By Joshua Franklin
ZURICH (Reuters) - UBS (VX:UBSG), Switzerland's biggest bank, watered down some of its financial targets on Tuesday due to a tough economic backdrop and new Swiss capital rules, overshadowing a forecast-beating rise in third quarter net profit.
Zurich-based UBS said difficult macroeconomic conditions, as well as uncertainty over interest rates and tougher capital rules - which were outlined last month and must be met by the end of 2019 - would hit performance next year and beyond.
"In the real world things do change and ... regulation and the macroeconomic environment have changed materially," Chief Executive Sergio Ermotti told analysts in a call. "So we need to adjust both our actions and our expectations accordingly."
UBS pushed back a targeted adjusted return on tangible equity of above 15 percent to 2018 from 2016 previously. It also raised its short to medium-term expectations for its cost/income ratio to 65-75 percent from 60-70 percent.
The changes came after net profit for the three months ended September rose to 2.1 billion Swiss francs ($2.1 billion) from 762 million francs a year earlier, ahead of a forecast for 1.76 billion francs in a Reuters poll of four analysts.
Results were helped by a net tax benefit of 1.3 billion francs, largely from an increased valuation of UBS's deferred tax assets which it had flagged in the second quarter and is used to reduce the amount of tax due.
Earnings for the same period last year were hit by the bank setting aside 1.8 billion francs in legal reserves.
Shares were down 4 percent at 19.22 francs at 0850 GMT, within a European banking sector index (SX7P) down 0.1 percent.
FIFA INQUIRIES
Net new money growth - viewed as an important indicator for future revenue in wealth management - at UBS's private bank was hit by deleveraging in Asia Pacific, where jitters over the strength of China's economy have spooked investors.
Adjusted for efforts by UBS to rid itself of assets it views as unprofitable, net new money growth excluding its Americas business was 1.5 percent, below its target range of 3-5 percent.
"The stock may react negatively as there are weak spots such as the net new money generation and the new financial targets which need more clarification," J. Safra Sarasin analyst Javier Lodeiro, who has a 'buy' rating on the stock, wrote in a note.
UBS maintained its dividend policy, viewed as one of the main attractions to holding the stock.

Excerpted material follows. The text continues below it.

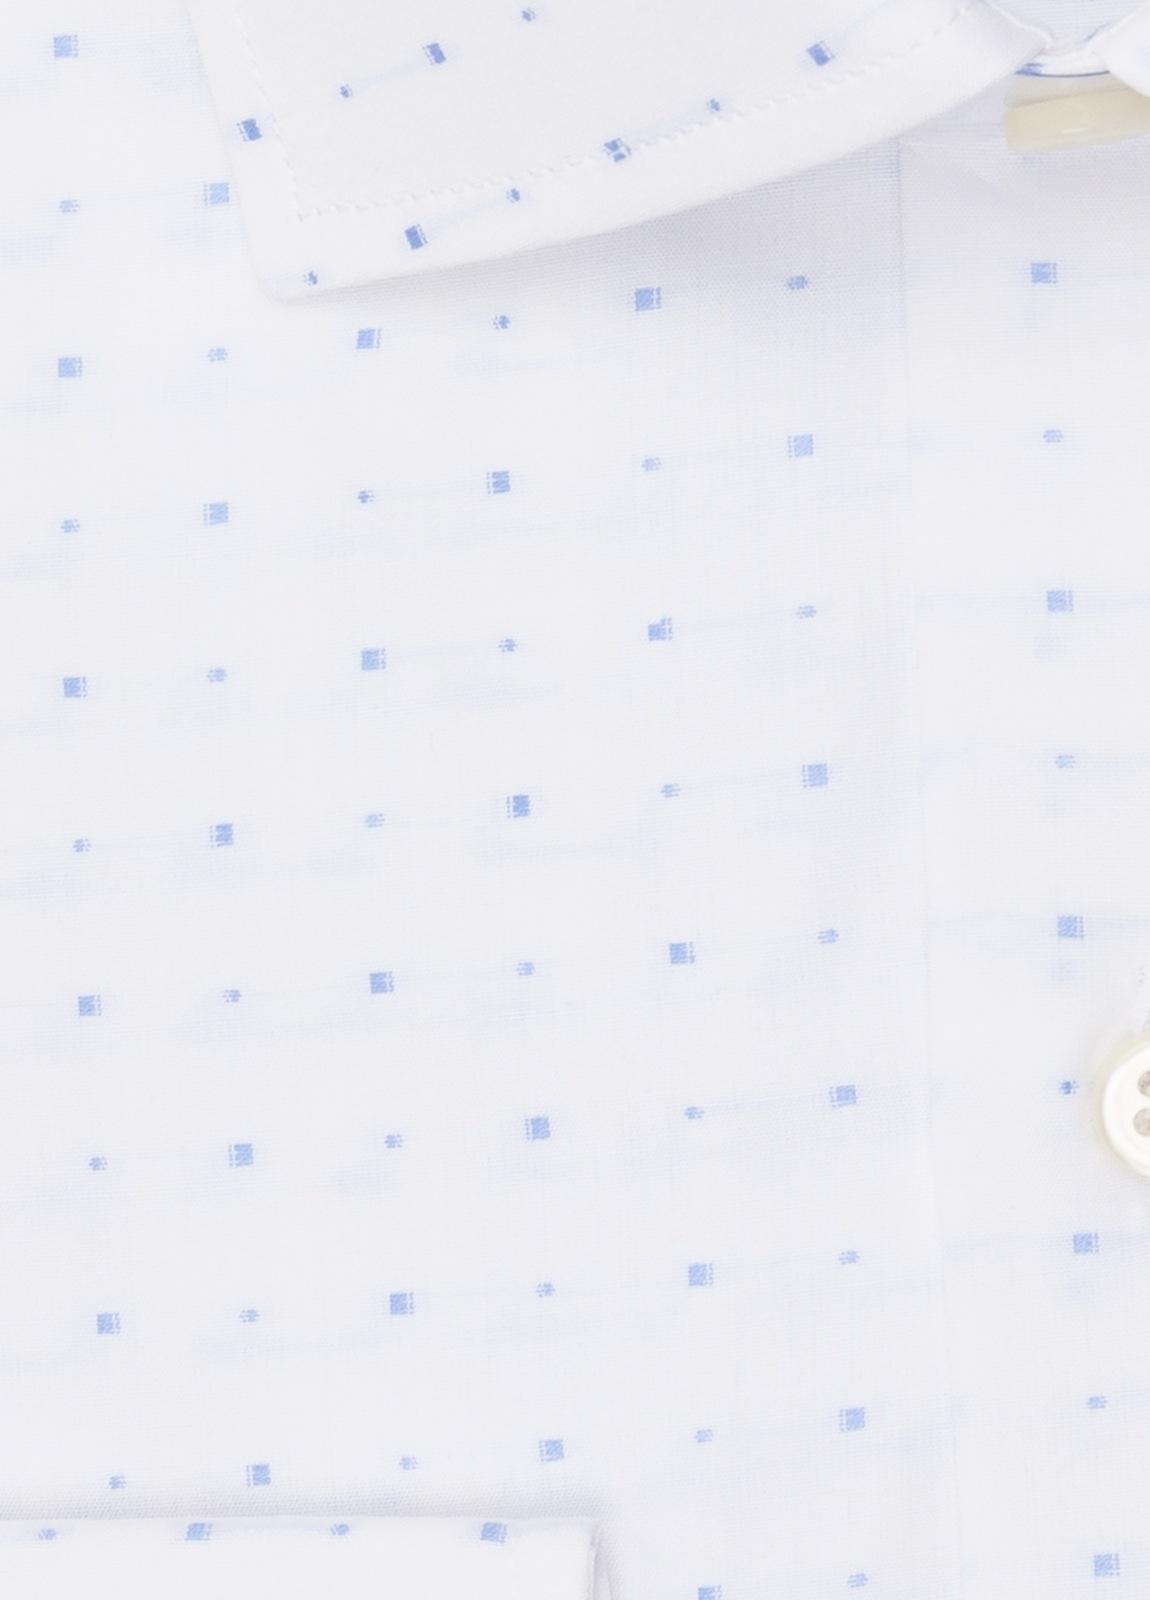 Camisa vestir FUREST COLECCIÓN SLIM FIT cuello italiano Fil Coupé dibujo geométrico - Ítem2

It aims to return at least half its profits to investors if it maintains capital of at least 13 percent of risk-weighted assets under global rules and 10 percent when applying its own stress tests.
On top of the results, UBS said its finance chief would shift roles among a raft of changes to its top management.
From Jan. 1, current Chief Financial Officer Tom Naratil will take on the dual role of president of UBS's wealth management business in the Americas and president of UBS Americas. Kirt Gardner, currently CFO for wealth management, will become group CFO.
UBS also said it was cooperating with inquiries from authorities relating to global soccer body FIFA and other constituent soccer associations and related persons and entities.
UBS was one of 24 banks mentioned in the U.S. Department of Justice's 164-page charge sheet against high-ranking individuals in FIFA, soccer's governing body. Swiss authorities are also investigating corruption at Zurich-based FIFA.